Opioids Not Better Than Non-Opioids For Chronic Pain

Healthcare workers have a tendency of prescribing opioids to patients suffering from moderate to severe pain. Over the past two decades, it has become obvious that the opioids are dangerous drugs with many side effects. Dozens of cases of opioid overdoses are reported every day across the country.

The opioid epidemic has resulted in a significant criticism and evaluation of how healthcare workers manager pain and if there are other safer options. The general feeling in the medical community is that opioids are the most effective pain relieving medications but is this really true?

A recent study compared nonopioid drugs to opioids drugs in patients with knee or hip osteoarthritis or persistent low back pain. The results are astounding.

Way before opioids became a public health crisis, Dr. Erin Krebs, a medical fellow from North Carolina in had observed that many patients who were prescribed opioids for low back pain and arthritis were not better-off.  Instead many were becoming addicted to these drugs.

She decided to do a literature search on the long-term use of opioids and found that most early clinical trials were short-term (around 8-12 weeks) and all studies only compared the opioids to a sugar pill.

She then conducted a large-scale study where the use of opioids and non-opioids could be compared in patients with chronic pain. What she and her colleagues discovered was that nonopioids were far more effective for chronic pain and much safer than opioids. The study had just been published in JAMA.

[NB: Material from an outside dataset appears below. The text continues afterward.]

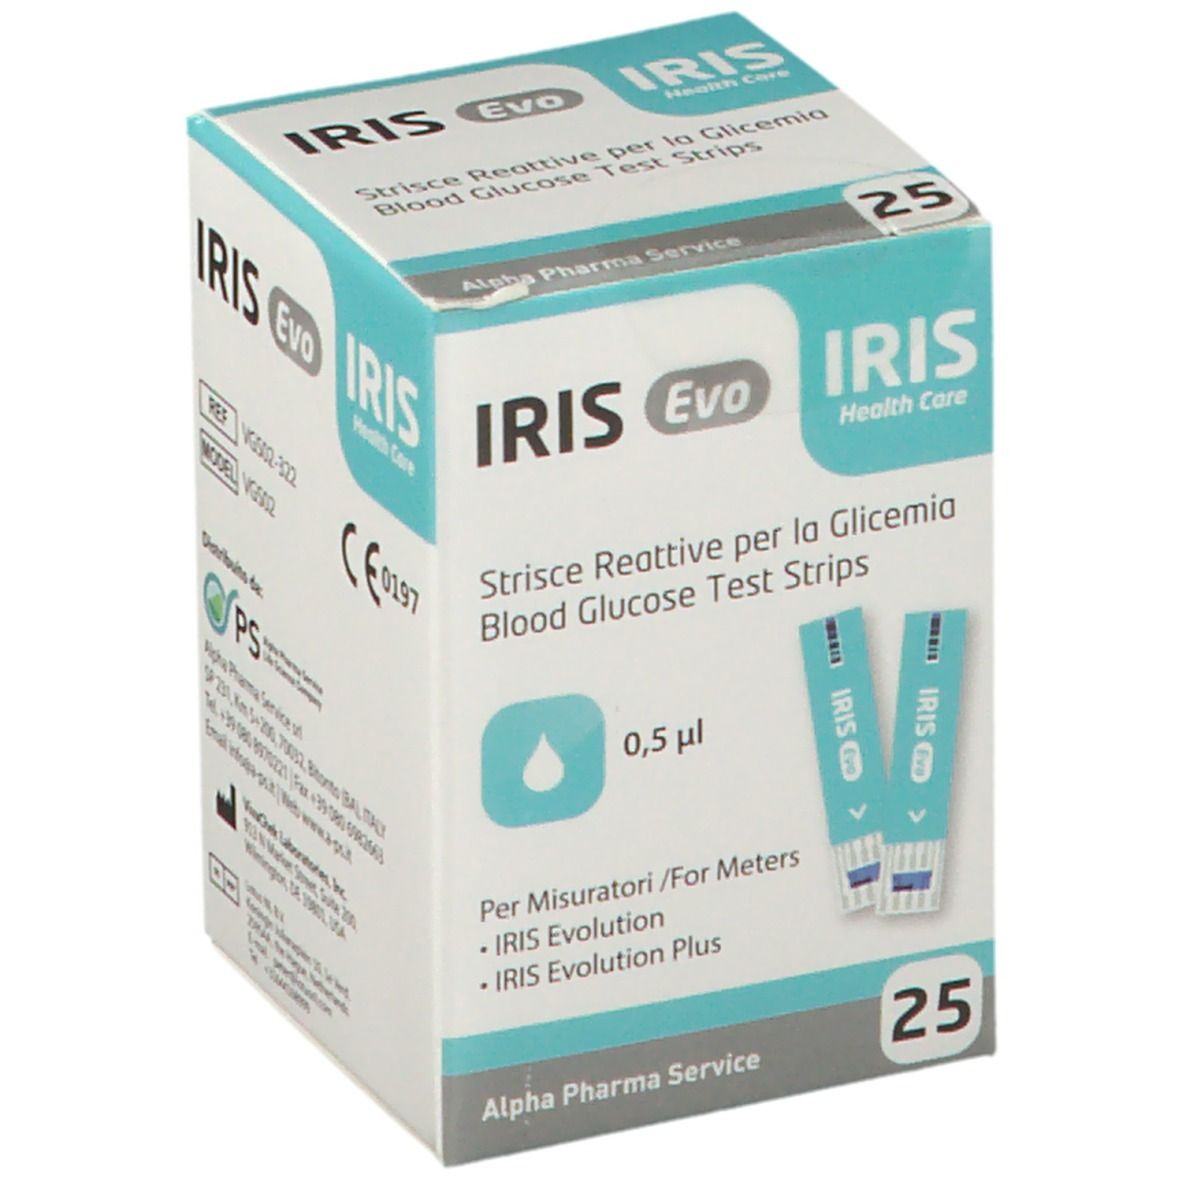 IRIS Evo Strisce reattive per la Glicemia

In the study, the researchers compared opiates like morphine, hydrocodone, and oxycodone to nonopioids like acetaminophen, naproxen or meloxicam. The pain intensity and function were measured over 12 months.

The striking results were that patients treated with opioids did no better than those on non-opioids. The study also revealed that opioids were not only as effective as nonopioids, but they also had serious side effects, including the risk of addiction, development of tolerance and even death.

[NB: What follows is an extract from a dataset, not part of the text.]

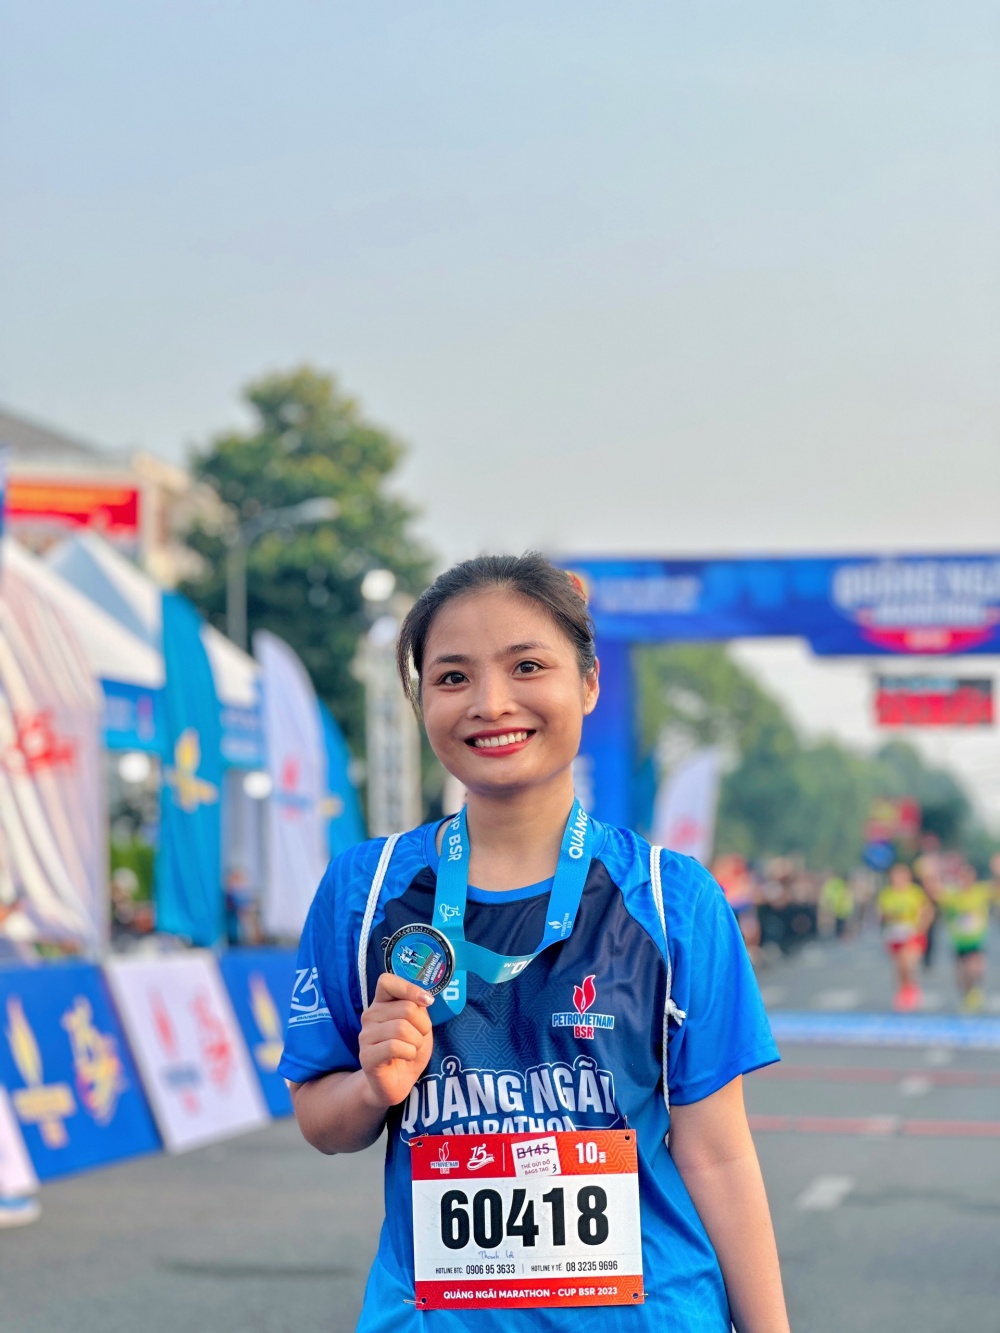 20-BVTU-AB-0001-06: Nữ Runner “tốc độ” Thanh Lộc đoạt giải tại Xuân Dầu khí lần 2, PVcomBank.

Most experts believe that it is the big pharmaceutical companies who consistently promote opioids for chronic pain management, without having any solid clinical evidence that these drugs are actually effective.

With the current opioid epidemic in full swing, perhaps this study will finally change physician attitudes in the management of pain. However, it is important to note that opioids are still effective drugs for pain caused by cancers and patients should not be denied these drugs when needed.

The management of pain is complex, and even today we do not know which population will benefit from opioids or nonopioids. In the meantime, physicians should start to change their prescribing habits in favor of nonopioids and use opioids at low doses only when indicated.